Sunday, 4 March 2007

The Widening Gyre

Turning and turning in the widening gyre
The falcon cannot hear the falconer;
Things fall apart; the centre cannot hold;
Mere anarchy is loosed upon the world,

There's nothing like a positive news story on the morning of one of the biggest games of your season, and sure enough, Jamie Jackson's expose in The Observer is nothing like a positive news story. A cockney Deep Throat from inside the dressing room has revealed a culture of reckless high-stakes gambling is causing division within West Ham and rupturing morale to such an extent that the first-team squad, already riven by cliques, is 'spiralling out of control' - and the players, manager and directors already know that they can do nothing to stop the club being relegated.

Meanwhile, Jason Burt in the Independent focuses on Curbishley's mountain- strapline: Ten weeks in, 10 games to go and the West Ham manager sees the enormity of the crisis. It reports the visit of some bailiffs to West Ham last week as a corollary of the moral bankruptcy of the club. In truth, the debt collectors in question were actually at the training ground on Monday to claim the £800 Carlton Cole owes for non-payment of the London Congestion Charge. If it's indicative of anything, then it's that Carlton is not the sharpest tool (or striker) in the box.

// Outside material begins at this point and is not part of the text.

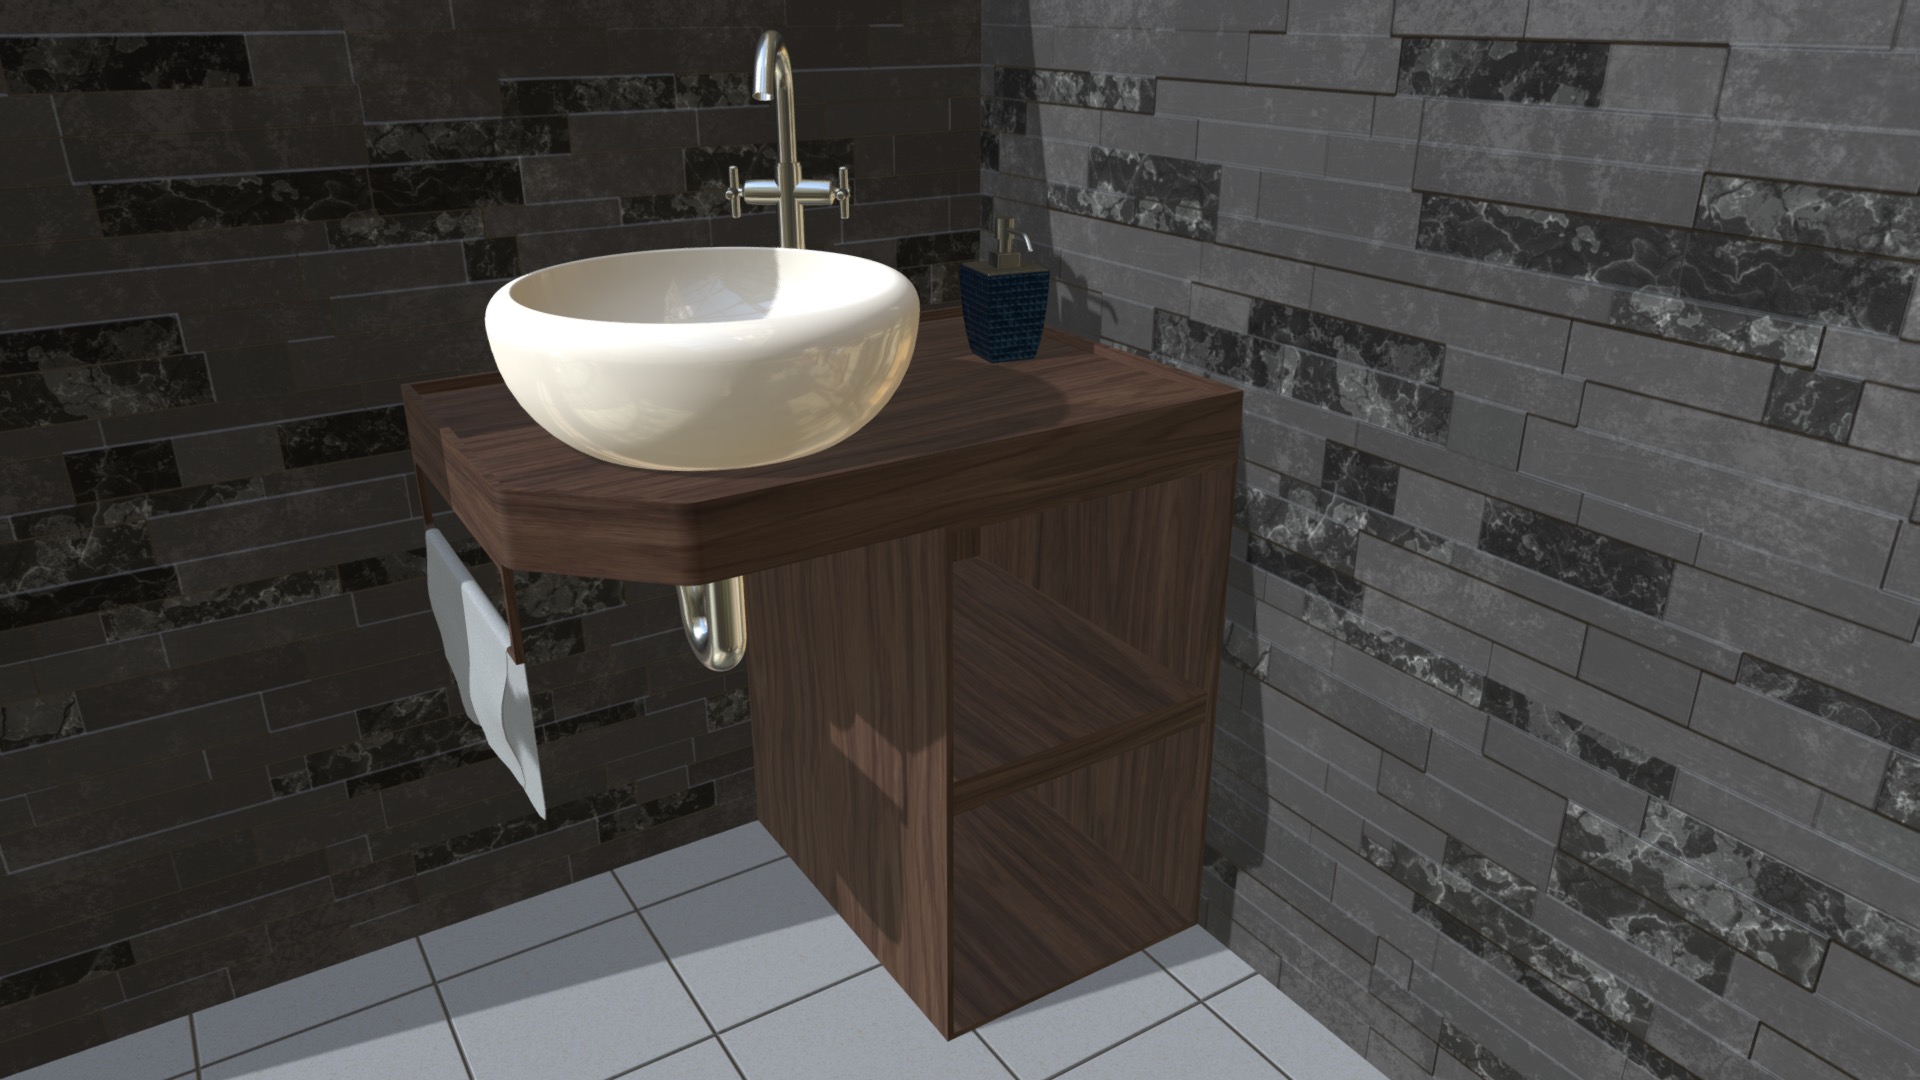 3D model Ethnic Sink Cabinet - This is a 3D model of the Ethnic Sink Cabinet. The 3D model is about a sink in a bathroom.
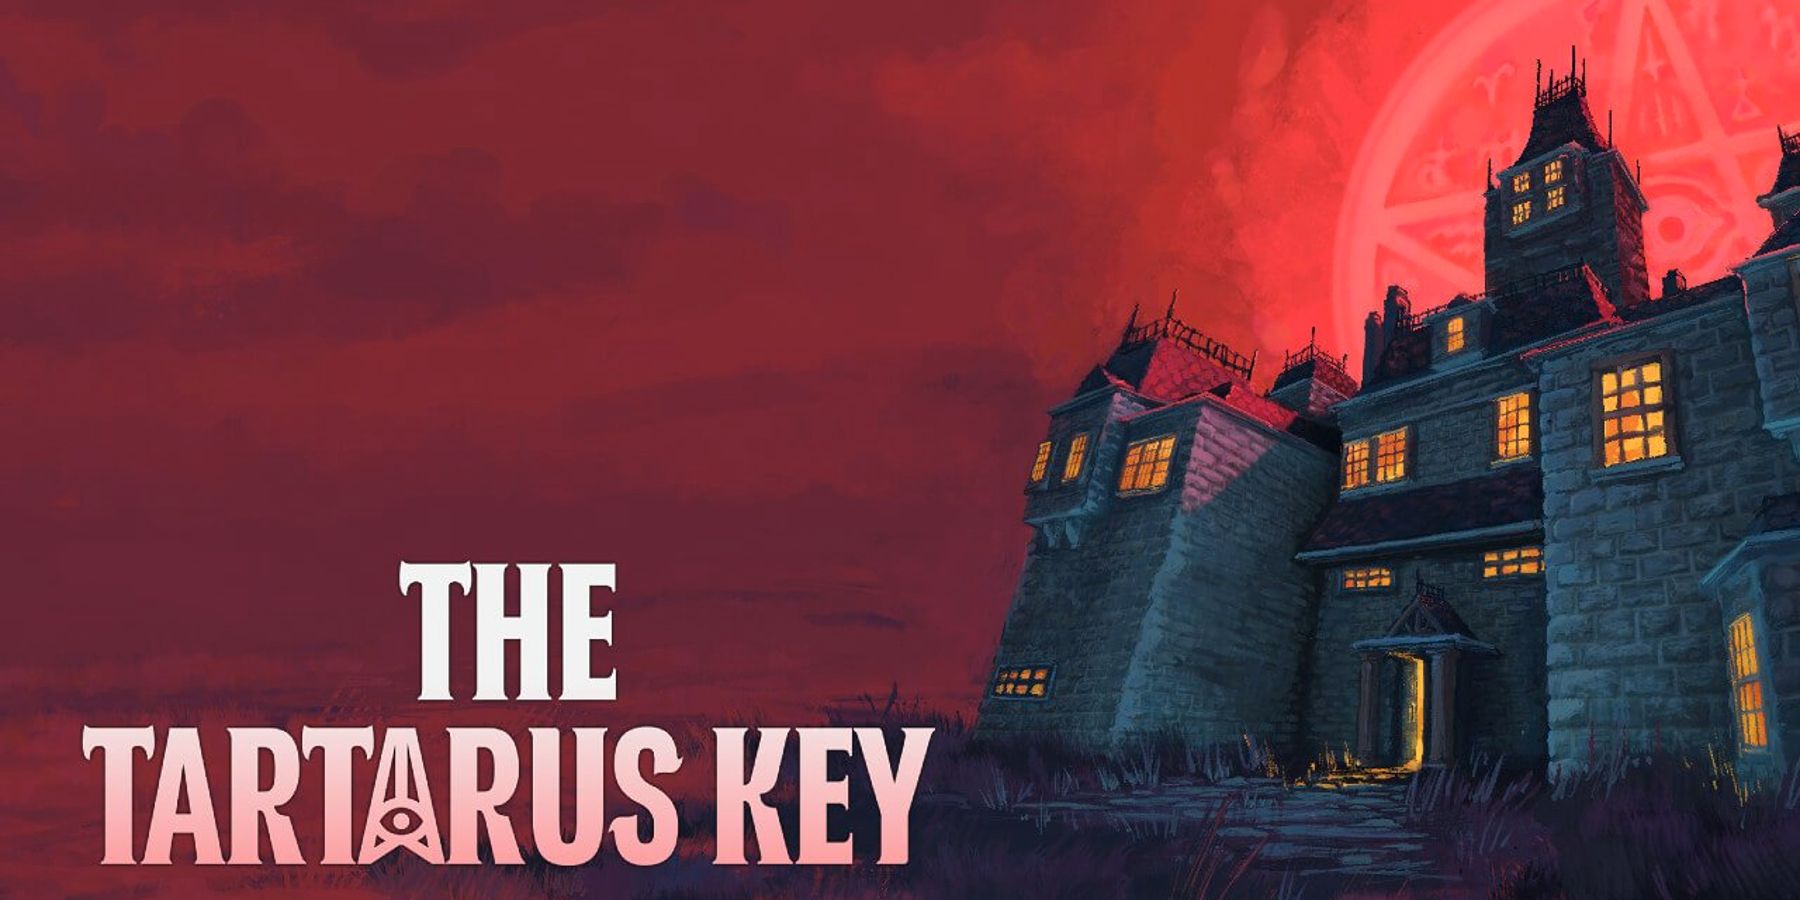 PS1 Style Horror Game The Tartarus Key annonceret til Nintendo Switch

There's a rare piece of pro-West Ham sentiment in the Telegraph with Patrick Barclay claiming that if West Ham are guilty (of infringing league rules over the transfers of Tevez and Mascherano) , so are the Premier League. He asks what will the Premier League suspect next? That rain is wet? The gradual dawn of a notion that there might have been something questionable about the deals is hard to credit. If Premier League officials really did not know that the registration of at least one of the players was partly owned by a third party, they were all but alone. The BBC and everyone else had broadcast it throughout the land and newspapers aired the shameless boasts of Kia Joorabchian, the entrepreneur who had dealt with West Ham's erstwhile chairman, Terry Brown. Yet the Premier League - and the FA - waved the deal through. If West Ham are guilty of endangering the game's integrity, so are the Premier League and FA. Yet who administers the administrators?

Intriguingly, Stewart Robson offers a Derridaesque deconstruction of the languor inflicting our current squad. He suggests that under severe pressure all footballers' flaws will become prominent. Even when a player has matured and developed his game, his frailties will reappear at crucial moments if not fully focused. The best players overcome them. Lesser players allow them to escalate. He argues that having watched West Ham this season it is obvious that several players cannot cope mentally with the pressure, concluding that the misplaced arrogance and self-belief of last year has been replaced by fear, insecurity and a realisation that many of them are not of Premiership standard.